Your very own climate change Victory Garden

Michael Pollan urges us all to grow our own veggies. But farming is work -- ask any peasant

Published April 22, 2008 10:44PM (EDT)

In "Why Bother?" Michael Pollan's newest Sunday New York Times Magazine essay, the Berkeley writer urges us all to start vegetable gardens in our backyards as a way not just to combat climate change, but to break the stranglehold of consumerist society and actually do something real.

It's a good read, especially if you're a Berkeleyan with a backyard who is constantly worrying about how to live and eat properly in a world beset with incalculably huge challenges. I swear, Michael Pollan (author, most recently, of "The Omnivore's Dilemma" and "In Defense of Food: An Eater's Manifesto") simply owns that beat. His point about his "evil" Chinese doppelganger who will eat whatever meat and burn whatever gas that the virtuous Pollan eschews is well-taken. If everyone in Berkeley drove a Prius, but everyone in Shanghai buys an SUV, what good, quantitatively speaking, has been done?

But that's a separate thread, and Pollan does a nice job, in the end, of justifying why we should bother. And yet I'm uncertain about his call for everyone to plant their own climate change Victory Garden.

(For simplicity's sake, I'm going to sidestep the whole what-if-you-don't-have-a-back-yard class warfare morass. In this blog post, everyone is landed gentry, or at the very least, can plant basil in a windowbox.)

I am not, by any stretch of the imagination, opposed to vegetable gardens in principle. On the contrary, I have, in the past, taken great pleasure in my own micro-farming. A well-tended garden is both aesthetically satisfying and productive. I agree with Pollan, a late-summer tomato plucked by your hand from the vine is fantastically delicious. I have been known to take perverse pleasure in weeding -- don't get me started on the awesome summer I spent eradicating my running bamboo with nothing more than a mattock and the sweat from my brow. But for two years now, I have stood back and watched the weeds grow.

There are two reasons.

The first reason is sunlight, or rather, the lack of it due to three large redwoods in my backyard, planted in 1980 by a previous owner of my house, named, no lie, Sequoia Lundy. Redwoods grow fast -- a sapling can grow as much as six feet in a year, and in the ten years I've lived in my house, the three redwoods have gradually created their own private canopy. I've considered having one or two of the mighty trees removed, but the irony of clearcutting my own backyard forest for the purposes of agricultural production does not escape me, and my daughter is dead-set against it. She speaks for the trees.

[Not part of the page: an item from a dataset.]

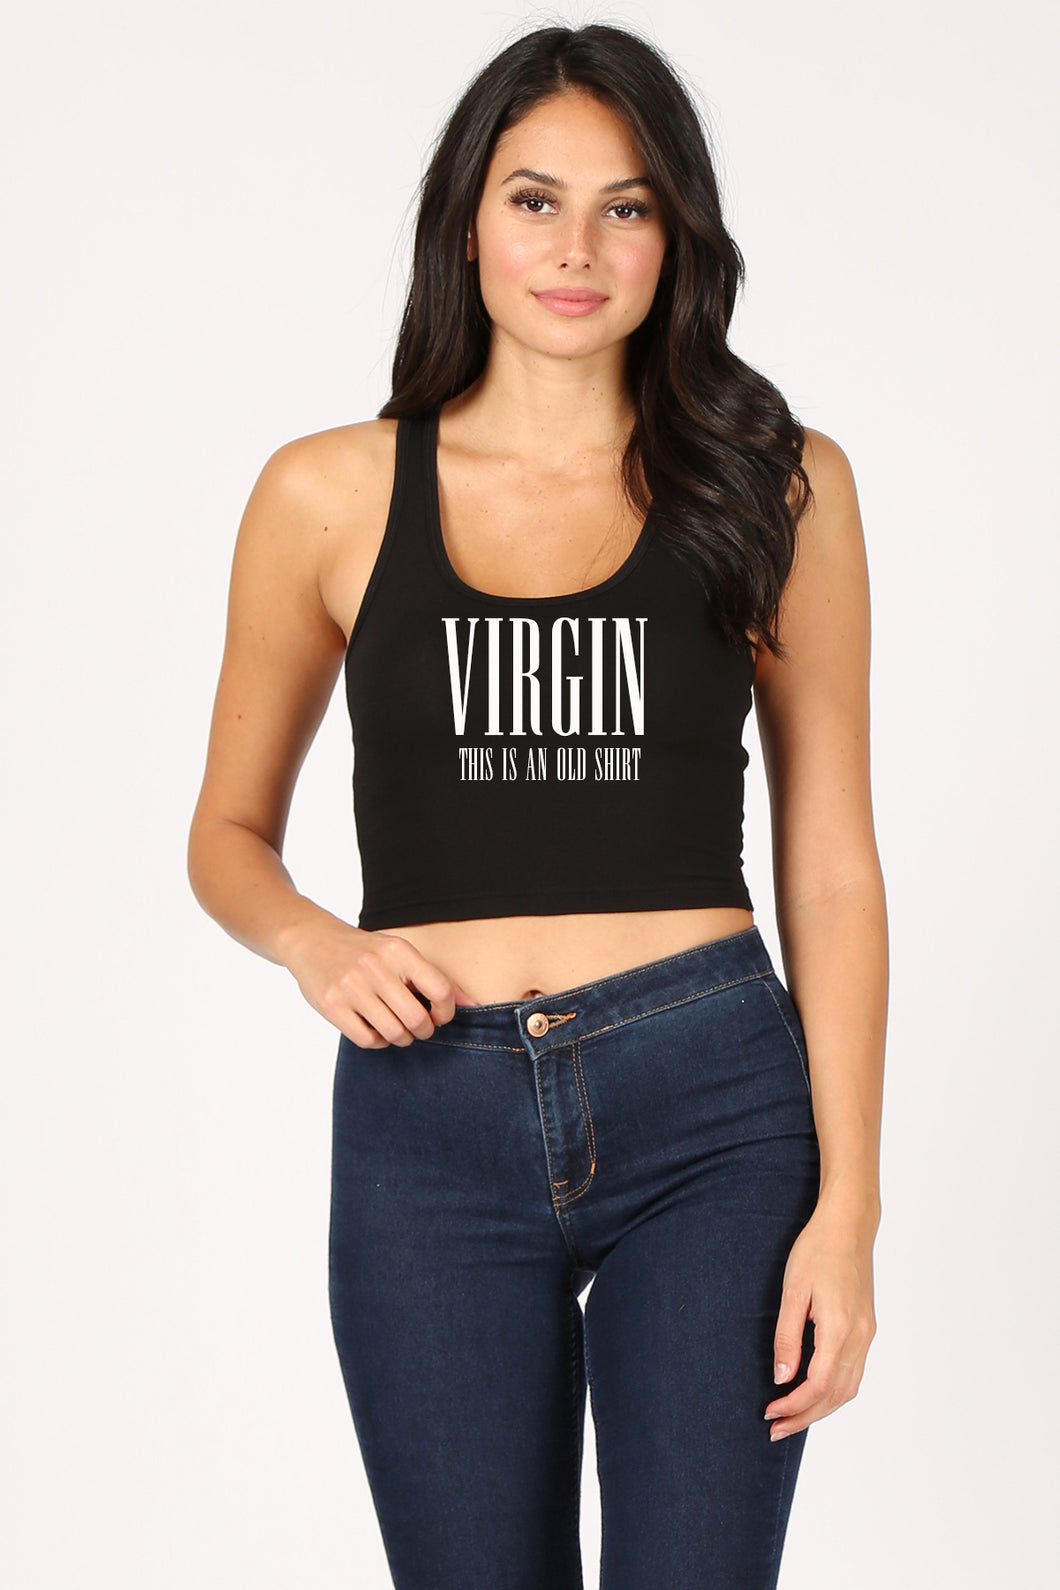 VIRGIN This Is An Old Shirt WOMEN'S CROP TANK TOP

The second reason is more important: leisure time, or rather the lack of it. Because there are patches of sunlight where I could still plant lettuce and tomatoes and beans, and yes I know, gardening can give you a good workout. Perhaps I even agree with Pollan that such a workout is morally superior to running in place on a treadmill at the gym. But I also like to spend my weekends going for long bike rides, and I have found it difficult to balance the time requirements of serious gardening with biking, not to mention a couple of other nagging time-wasters, like parenting and working.

Sometimes, it is possible to take great pleasure in weeding oxalis. Sometimes, it just feels like more work in a life that is already full to the brim. And make no mistake: growing your own food is work -- ask any peasant. To be able to enjoy it as play, or as an almost spiritual exercise that connects you more deeply to the earth and all living things (some of which you must kill: Die, all aphids and snails!) can be a tough call after a long day or week at the office. It can also be an affectation that is only accessible to those who spend their Sunday mornings working their way through the New York Times, before deciding where to put their snap pea trellis.

Pollan concedes that without the specialization facilitated by the division of labor that makes modern economies so rich and diverse, he would not be paid to sit at a computer thinking about climate change. That, for better or worse, is the story of civilization. I'm happy to have other people grow my food for me, and I'll do my best to pay the price premium that ensures it is sustainably produced. But sometimes I'd just rather go for a bike ride, than weed or hoe or water.